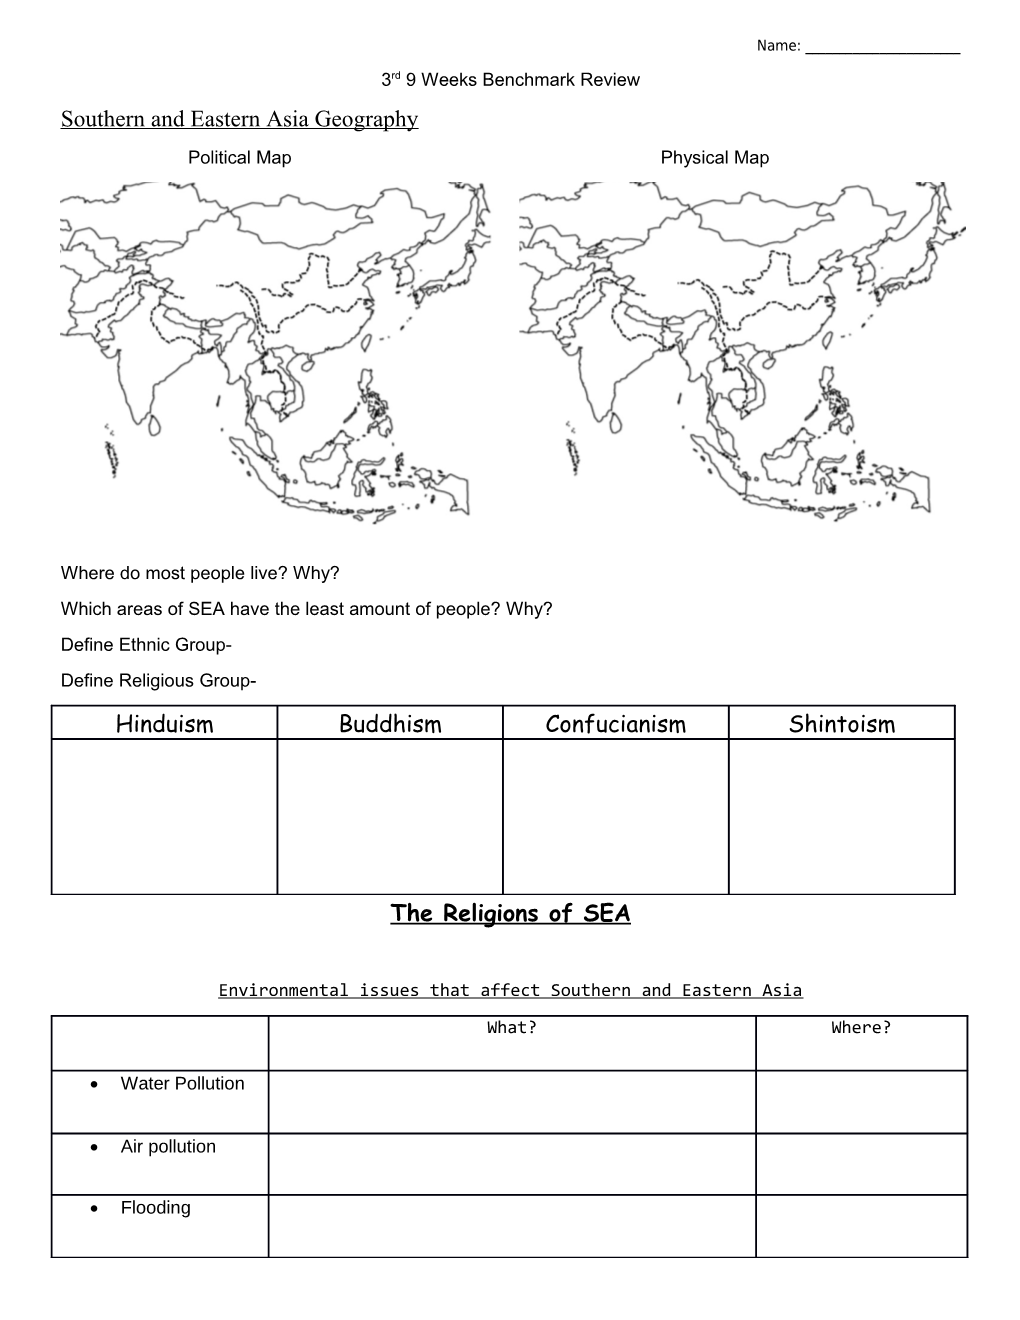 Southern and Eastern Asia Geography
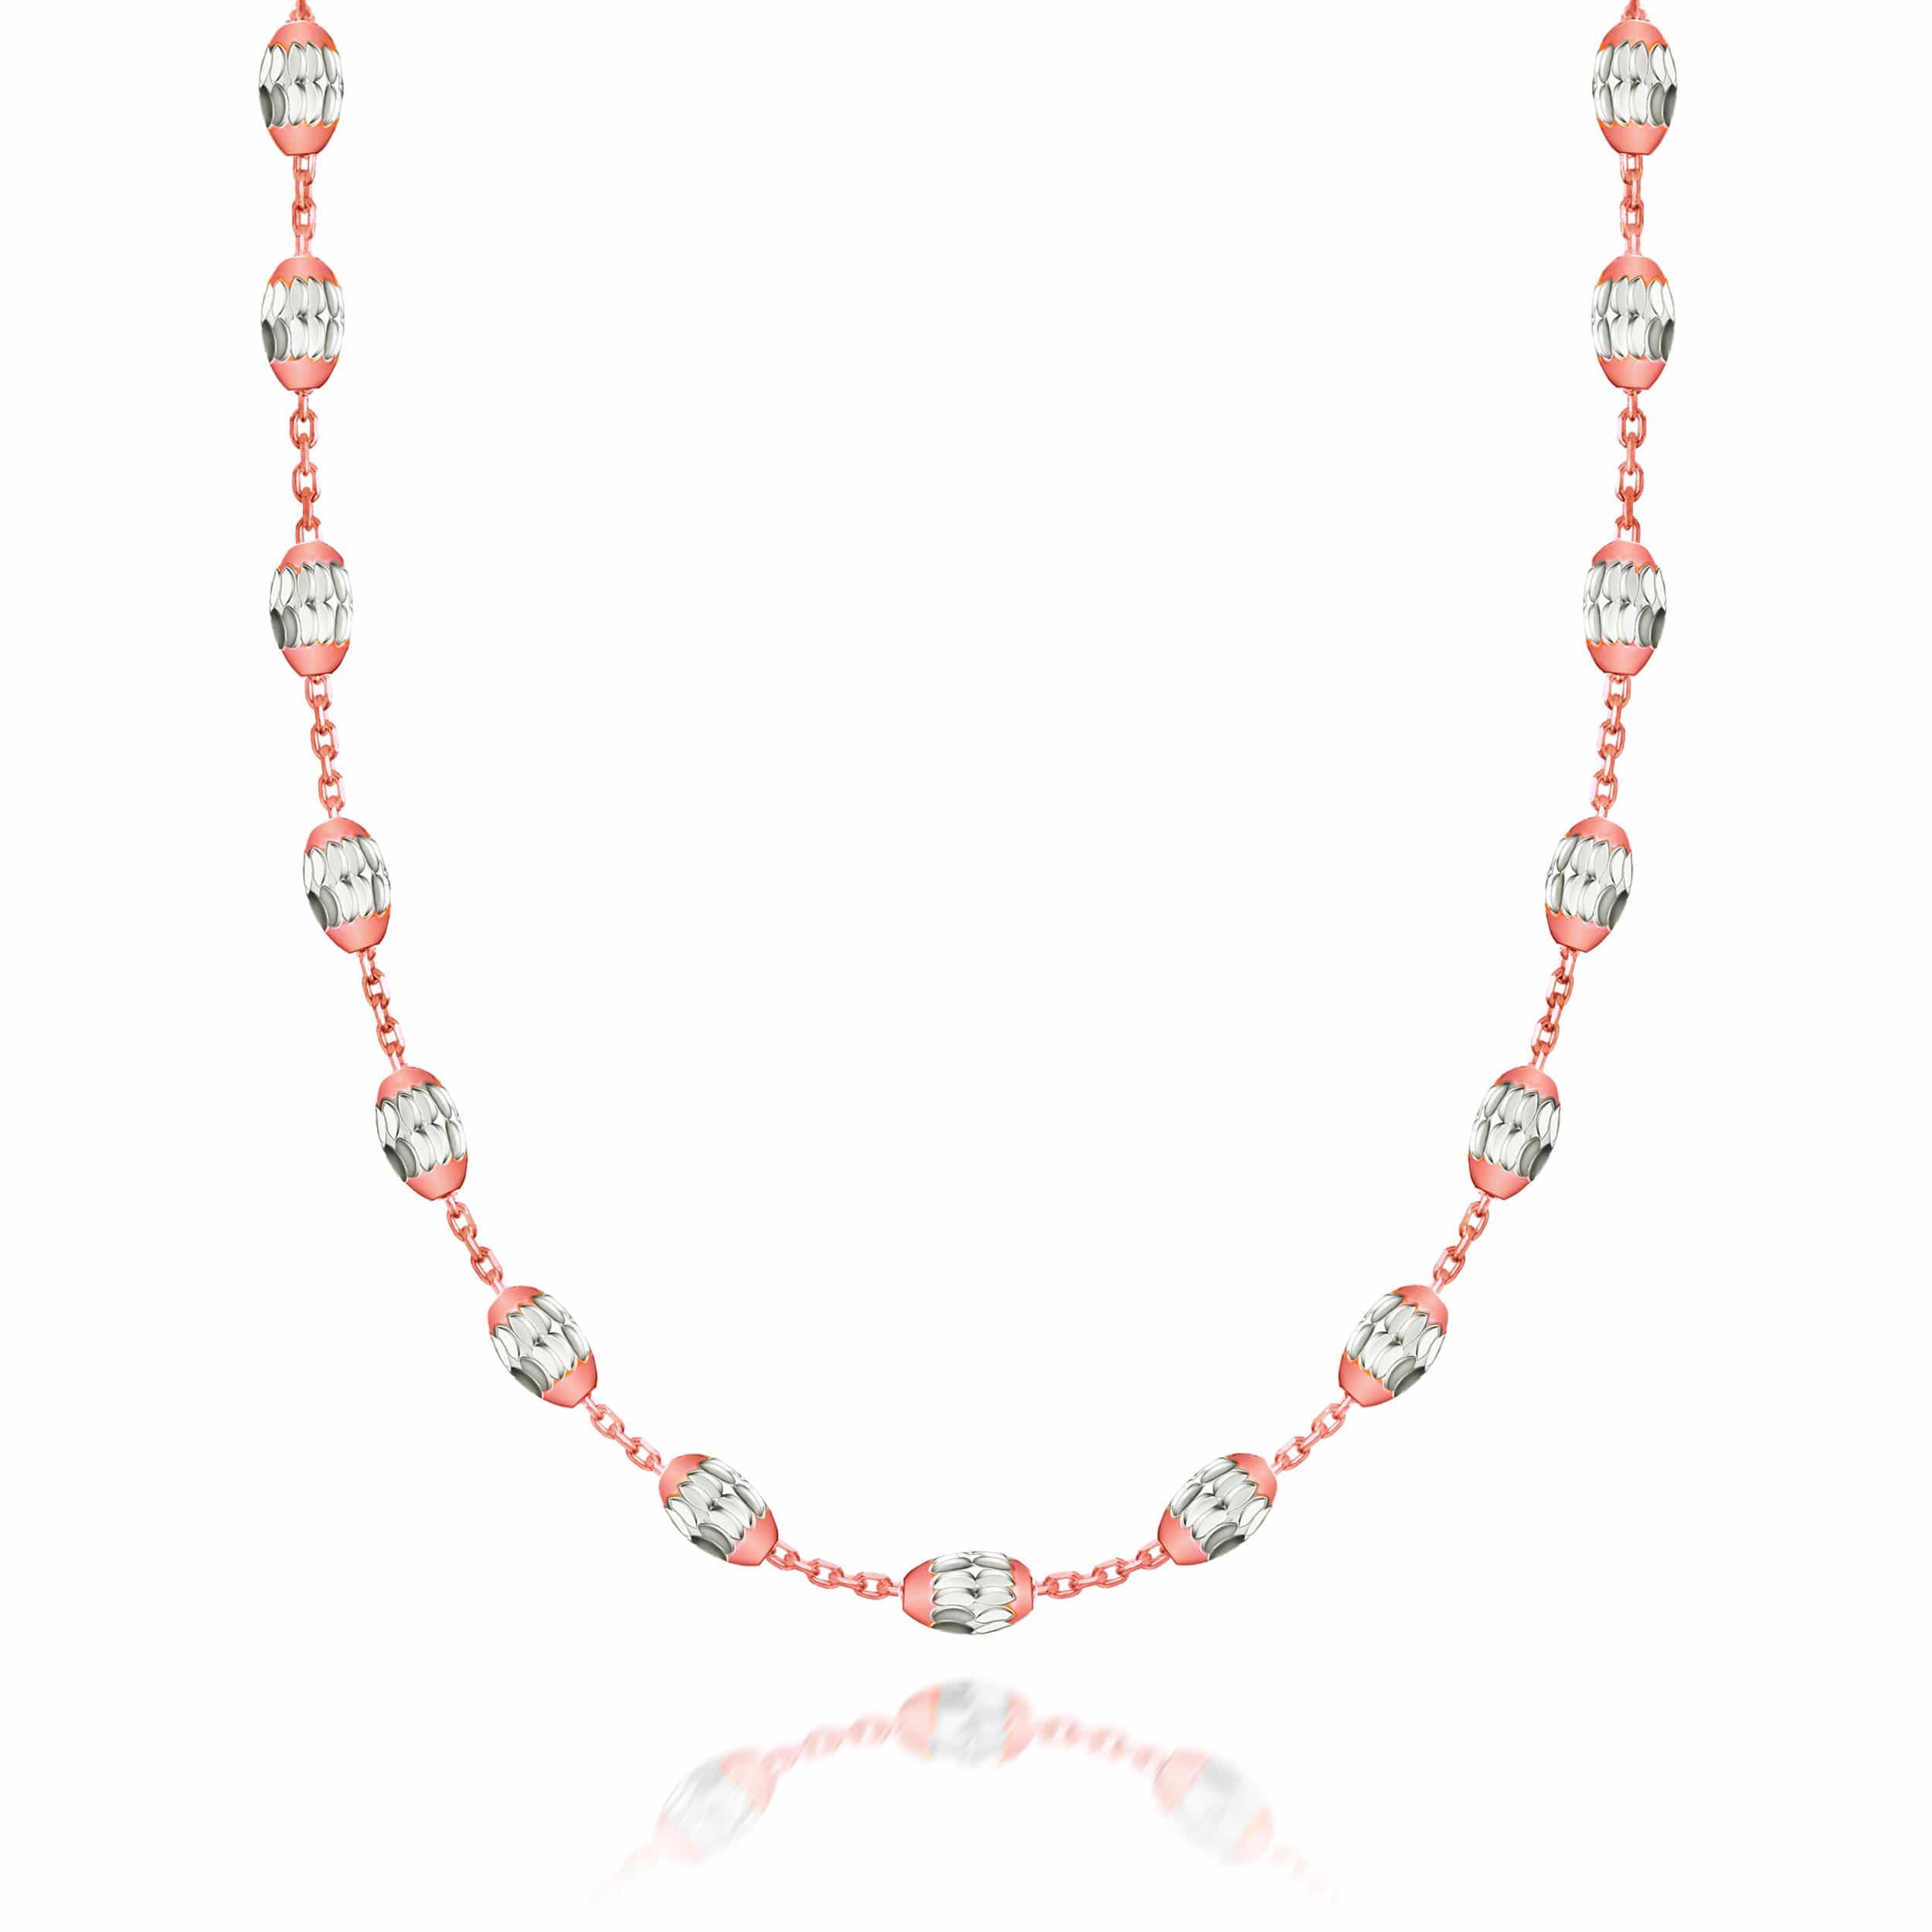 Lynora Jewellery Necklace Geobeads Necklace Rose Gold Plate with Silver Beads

...

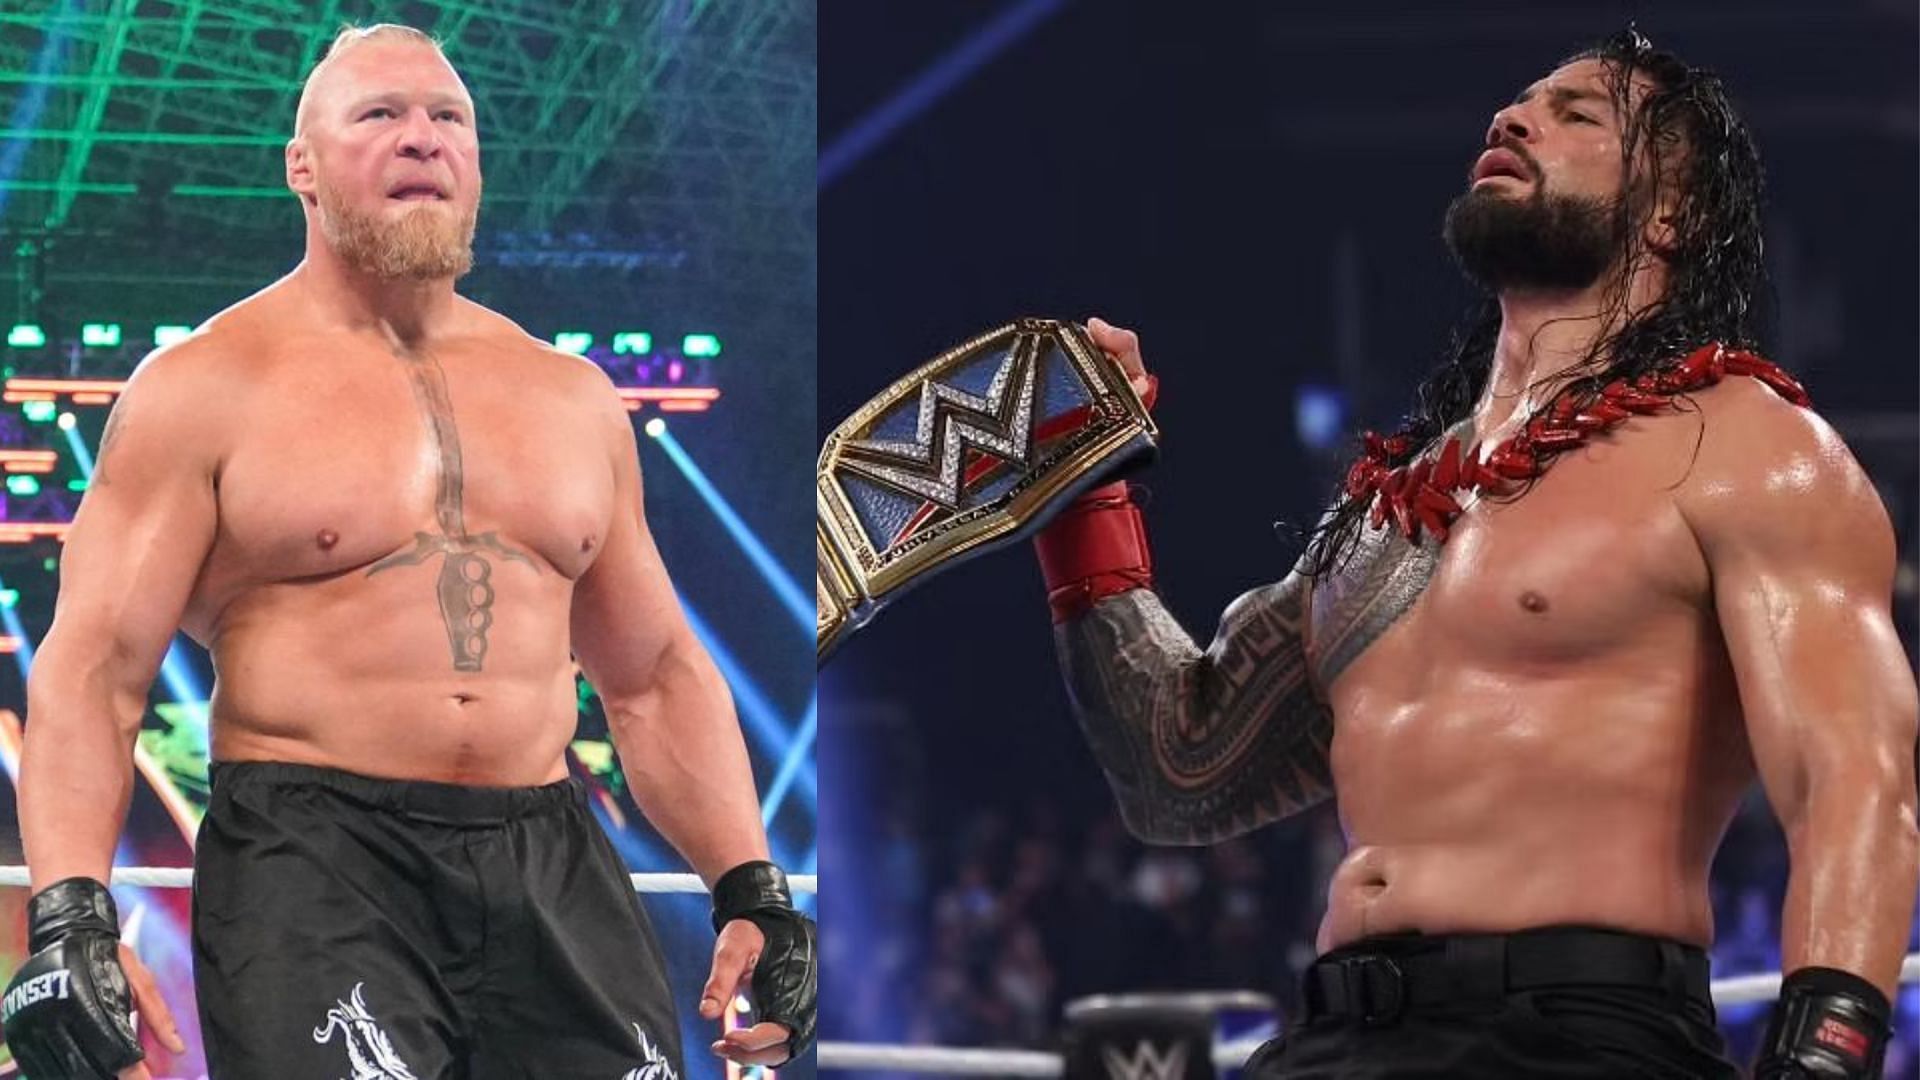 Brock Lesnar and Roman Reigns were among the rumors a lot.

==

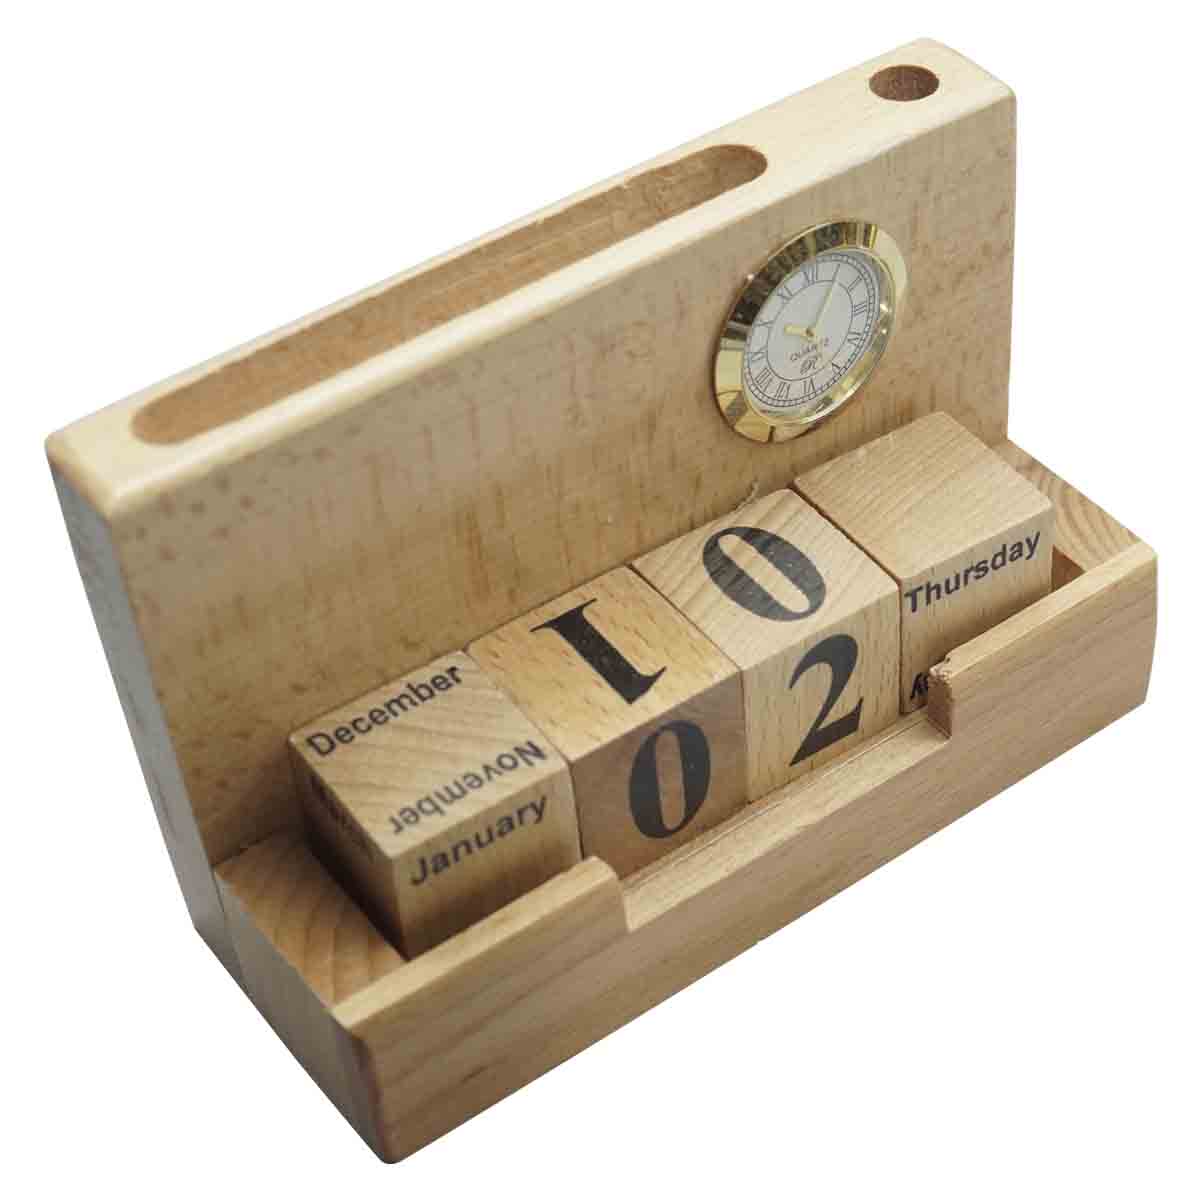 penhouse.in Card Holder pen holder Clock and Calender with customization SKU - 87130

Work instructions
Take the material above from the line bearing "Southern and Eastern Asia Geography" through the line bearing "Lynora Jewellery Necklace" and write it out exactly, both end lines included. Pictures stay out.

Expected output
 Southern and Eastern Asia Geography
 Lynora Jewellery Necklace Geobeads Necklace Rose Gold Plate with Silver Beads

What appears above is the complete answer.